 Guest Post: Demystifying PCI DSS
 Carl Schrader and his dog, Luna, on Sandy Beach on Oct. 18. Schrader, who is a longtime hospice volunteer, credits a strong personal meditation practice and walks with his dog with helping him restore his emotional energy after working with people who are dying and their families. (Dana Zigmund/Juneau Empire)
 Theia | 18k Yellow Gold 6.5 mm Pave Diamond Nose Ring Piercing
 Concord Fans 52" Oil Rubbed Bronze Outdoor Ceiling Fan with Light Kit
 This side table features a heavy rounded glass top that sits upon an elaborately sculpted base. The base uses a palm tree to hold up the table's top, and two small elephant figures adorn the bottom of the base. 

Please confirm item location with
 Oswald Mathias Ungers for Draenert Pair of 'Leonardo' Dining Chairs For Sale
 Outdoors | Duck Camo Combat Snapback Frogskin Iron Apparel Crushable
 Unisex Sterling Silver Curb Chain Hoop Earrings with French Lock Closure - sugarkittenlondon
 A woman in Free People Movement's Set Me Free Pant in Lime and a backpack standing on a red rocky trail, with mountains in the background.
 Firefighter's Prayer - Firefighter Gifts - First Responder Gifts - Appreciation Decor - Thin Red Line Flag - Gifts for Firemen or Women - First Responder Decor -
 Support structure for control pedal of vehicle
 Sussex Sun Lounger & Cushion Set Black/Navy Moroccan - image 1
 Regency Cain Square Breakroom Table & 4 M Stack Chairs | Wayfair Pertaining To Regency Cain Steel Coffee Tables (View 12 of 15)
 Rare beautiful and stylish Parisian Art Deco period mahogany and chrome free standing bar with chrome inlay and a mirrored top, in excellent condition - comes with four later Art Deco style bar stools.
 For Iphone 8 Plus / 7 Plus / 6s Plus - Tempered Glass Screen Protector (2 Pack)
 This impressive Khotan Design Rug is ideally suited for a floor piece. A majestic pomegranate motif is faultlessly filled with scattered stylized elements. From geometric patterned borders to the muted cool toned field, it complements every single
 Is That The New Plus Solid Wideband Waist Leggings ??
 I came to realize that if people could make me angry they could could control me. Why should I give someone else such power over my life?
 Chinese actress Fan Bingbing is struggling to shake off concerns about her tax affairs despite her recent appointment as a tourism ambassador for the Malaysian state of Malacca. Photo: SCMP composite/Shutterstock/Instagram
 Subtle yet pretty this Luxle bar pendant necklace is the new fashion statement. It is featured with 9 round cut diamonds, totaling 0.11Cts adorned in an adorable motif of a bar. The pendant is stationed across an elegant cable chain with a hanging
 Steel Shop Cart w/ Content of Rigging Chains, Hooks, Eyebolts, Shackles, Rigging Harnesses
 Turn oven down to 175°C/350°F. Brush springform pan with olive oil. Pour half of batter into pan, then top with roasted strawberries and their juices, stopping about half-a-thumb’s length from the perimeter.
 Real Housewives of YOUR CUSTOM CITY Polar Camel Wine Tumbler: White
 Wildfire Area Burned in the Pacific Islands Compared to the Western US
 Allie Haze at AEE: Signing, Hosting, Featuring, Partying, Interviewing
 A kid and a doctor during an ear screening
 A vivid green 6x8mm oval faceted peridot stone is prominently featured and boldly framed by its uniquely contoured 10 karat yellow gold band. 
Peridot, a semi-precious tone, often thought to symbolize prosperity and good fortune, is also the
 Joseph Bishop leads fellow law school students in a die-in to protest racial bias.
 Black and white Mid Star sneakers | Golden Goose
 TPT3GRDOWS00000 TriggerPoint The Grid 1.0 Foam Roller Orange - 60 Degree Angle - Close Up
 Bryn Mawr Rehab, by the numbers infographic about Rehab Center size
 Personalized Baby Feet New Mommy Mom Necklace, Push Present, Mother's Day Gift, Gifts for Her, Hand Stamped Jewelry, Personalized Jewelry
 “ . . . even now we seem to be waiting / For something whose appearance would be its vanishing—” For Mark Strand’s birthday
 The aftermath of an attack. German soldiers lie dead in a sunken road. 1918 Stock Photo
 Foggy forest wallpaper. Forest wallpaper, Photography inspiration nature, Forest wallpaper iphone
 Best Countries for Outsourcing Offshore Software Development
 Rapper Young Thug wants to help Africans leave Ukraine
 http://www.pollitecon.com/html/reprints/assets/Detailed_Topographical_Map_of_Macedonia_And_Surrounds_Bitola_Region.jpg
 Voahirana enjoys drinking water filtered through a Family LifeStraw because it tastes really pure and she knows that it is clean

##############################

→ WHAT TO WORK ON
Could every entry be given again exactly, with no line skipped?

→ RESULT OF THIS TASK
 Guest Post: Demystifying PCI DSS
 Carl Schrader and his dog, Luna, on Sandy Beach on Oct. 18. Schrader, who is a longtime hospice volunteer, credits a strong personal meditation practice and walks with his dog with helping him restore his emotional energy after working with people who are dying and their families. (Dana Zigmund/Juneau Empire)
 Theia | 18k Yellow Gold 6.5 mm Pave Diamond Nose Ring Piercing
 Concord Fans 52" Oil Rubbed Bronze Outdoor Ceiling Fan with Light Kit
 This side table features a heavy rounded glass top that sits upon an elaborately sculpted base. The base uses a palm tree to hold up the table's top, and two small elephant figures adorn the bottom of the base. 

Please confirm item location with
 Oswald Mathias Ungers for Draenert Pair of 'Leonardo' Dining Chairs For Sale
 Outdoors | Duck Camo Combat Snapback Frogskin Iron Apparel Crushable
 Unisex Sterling Silver Curb Chain Hoop Earrings with French Lock Closure - sugarkittenlondon
 A woman in Free People Movement's Set Me Free Pant in Lime and a backpack standing on a red rocky trail, with mountains in the background.
 Firefighter's Prayer - Firefighter Gifts - First Responder Gifts - Appreciation Decor - Thin Red Line Flag - Gifts for Firemen or Women - First Responder Decor -
 Support structure for control pedal of vehicle
 Sussex Sun Lounger & Cushion Set Black/Navy Moroccan - image 1
 Regency Cain Square Breakroom Table & 4 M Stack Chairs | Wayfair Pertaining To Regency Cain Steel Coffee Tables (View 12 of 15)
 Rare beautiful and stylish Parisian Art Deco period mahogany and chrome free standing bar with chrome inlay and a mirrored top, in excellent condition - comes with four later Art Deco style bar stools.
 For Iphone 8 Plus / 7 Plus / 6s Plus - Tempered Glass Screen Protector (2 Pack)
 This impressive Khotan Design Rug is ideally suited for a floor piece. A majestic pomegranate motif is faultlessly filled with scattered stylized elements. From geometric patterned borders to the muted cool toned field, it complements every single
 Is That The New Plus Solid Wideband Waist Leggings ??
 I came to realize that if people could make me angry they could could control me. Why should I give someone else such power over my life?
 Chinese actress Fan Bingbing is struggling to shake off concerns about her tax affairs despite her recent appointment as a tourism ambassador for the Malaysian state of Malacca. Photo: SCMP composite/Shutterstock/Instagram
 Subtle yet pretty this Luxle bar pendant necklace is the new fashion statement. It is featured with 9 round cut diamonds, totaling 0.11Cts adorned in an adorable motif of a bar. The pendant is stationed across an elegant cable chain with a hanging
 Steel Shop Cart w/ Content of Rigging Chains, Hooks, Eyebolts, Shackles, Rigging Harnesses
 Turn oven down to 175°C/350°F. Brush springform pan with olive oil. Pour half of batter into pan, then top with roasted strawberries and their juices, stopping about half-a-thumb’s length from the perimeter.
 Real Housewives of YOUR CUSTOM CITY Polar Camel Wine Tumbler: White
 Wildfire Area Burned in the Pacific Islands Compared to the Western US
 Allie Haze at AEE: Signing, Hosting, Featuring, Partying, Interviewing
 A kid and a doctor during an ear screening
 A vivid green 6x8mm oval faceted peridot stone is prominently featured and boldly framed by its uniquely contoured 10 karat yellow gold band. 
Peridot, a semi-precious tone, often thought to symbolize prosperity and good fortune, is also the
 Joseph Bishop leads fellow law school students in a die-in to protest racial bias.
 Black and white Mid Star sneakers | Golden Goose
 TPT3GRDOWS00000 TriggerPoint The Grid 1.0 Foam Roller Orange - 60 Degree Angle - Close Up
 Bryn Mawr Rehab, by the numbers infographic about Rehab Center size
 Personalized Baby Feet New Mommy Mom Necklace, Push Present, Mother's Day Gift, Gifts for Her, Hand Stamped Jewelry, Personalized Jewelry
 “ . . . even now we seem to be waiting / For something whose appearance would be its vanishing—” For Mark Strand’s birthday
 The aftermath of an attack. German soldiers lie dead in a sunken road. 1918 Stock Photo
 Foggy forest wallpaper. Forest wallpaper, Photography inspiration nature, Forest wallpaper iphone
 Best Countries for Outsourcing Offshore Software Development
 Rapper Young Thug wants to help Africans leave Ukraine
 http://www.pollitecon.com/html/reprints/assets/Detailed_Topographical_Map_of_Macedonia_And_Surrounds_Bitola_Region.jpg
 Voahirana enjoys drinking water filtered through a Family LifeStraw because it tastes really pure and she knows that it is clean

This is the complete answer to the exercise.